Overview

This project implements a near real-time cybersecurity threat detection system using Amazon SageMaker. It uses machine learning to identify anomalous or malicious network behavior—such as DDoS patterns, unauthorized access attempts, and phishing-related traffic—by learning behavioral patterns from network traffic data.

The design mirrors production-style ML security architectures, emphasizing secure access control, reproducibility, automation, and monitoring.

Objectives

  • Detect abnormal network behavior using machine learning
  • Automate the ML lifecycle from preprocessing to deployment
  • Implement least-privilege, auditable access using AWS IAM
  • Deliver near real-time inference with minimal operational overhead
  • Produce a portfolio-ready, production-style cloud security project

High-level architecture

Data flow

  1. Raw network traffic data is stored in Amazon S3
  2. AWS Lambda performs preprocessing and feature engineering
  3. Processed data is saved back to S3
  4. SageMaker trains an XGBoost model
  5. The model is deployed as a SageMaker endpoint
  6. New traffic is scored for anomalies via near real-time inference
  7. Logs and metrics are captured in CloudWatch

AWS services used

  • Amazon SageMaker — training, deployment, inference, and pipelines
  • Amazon S3 — raw/processed data + model artifacts
  • AWS Lambda — serverless preprocessing + feature extraction
  • Amazon CloudWatch — logging, metrics, monitoring
  • AWS IAM — role-based access control and least privilege

Security & access control

A dedicated SageMaker execution role is used for notebooks, training jobs, and endpoints.

Key characteristics

  • Temporary credentials (no hard-coded secrets)
  • Least-privilege access to only required resources (S3, CloudWatch, ECR)
  • Auditable actions via CloudTrail

Data ingestion & preprocessing

Dataset A public intrusion detection dataset (e.g., CICIDS, NSL-KDD, or UNSW-NB15) is used to simulate real-world traffic and attack behavior.

Preprocessing steps

  • Remove duplicates and irrelevant features
  • Handle missing/malformed values
  • Encode categorical features
  • Normalize numeric fields
  • Engineer behavioral features (examples):
    • Connection frequency
    • Packet size statistics
    • Session duration metrics

Processed datasets are stored in S3 and versioned for reproducibility.

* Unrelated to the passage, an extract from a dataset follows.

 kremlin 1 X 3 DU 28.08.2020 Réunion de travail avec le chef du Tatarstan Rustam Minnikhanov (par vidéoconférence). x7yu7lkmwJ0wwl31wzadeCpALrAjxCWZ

Model training & evaluation

Algorithm: XGBoost Chosen for strong performance on tabular data, speed, and ability to capture nonlinear relationships.

Training workflow

  • SageMaker pulls processed data from S3
  • Training runs in a managed container
  • Model artifacts are saved to S3
  • Logs and metrics are emitted to CloudWatch

Deployment & inference

The trained model is deployed as a SageMaker endpoint, enabling:

  • Managed, scalable inference
  • Secure API-based predictions
  • Near real-time threat detection (~30-second delay)

Incoming network data is evaluated and labeled as normal or potentially malicious.

Automation with SageMaker Pipelines

SageMaker Pipelines automate:

  • preprocessing
  • training
  • evaluation
  • conditional deployment

This supports repeatability, versioning, and audit-friendly ML operations.

Monitoring & observability

CloudWatch is used to:

  • capture logs for training jobs and endpoints
  • monitor prediction volume and error rates
  • support future drift monitoring

Cost & performance considerations

  • Estimated runtime: 2–3 hours
  • Estimated cost: ~$1–$2
  • Managed/serverless services minimize idle overhead

Limitations & future enhancements

Current limitations

  • Near real-time (not fully streaming)
  • Single-model architecture

Planned enhancements

  • Add Amazon Kinesis for real-time streaming
  • Add drift detection and automated retraining triggers
  • Expand to multi-model/ensemble detection
  • Integrate alerting via SNS and/or Security Hub

Resume-ready summary

Designed and implemented a secure, automated ML pipeline on AWS using SageMaker and XGBoost to detect anomalous network activity with near real-time inference, leveraging IAM-based access control, serverless preprocessing, and CloudWatch monitoring.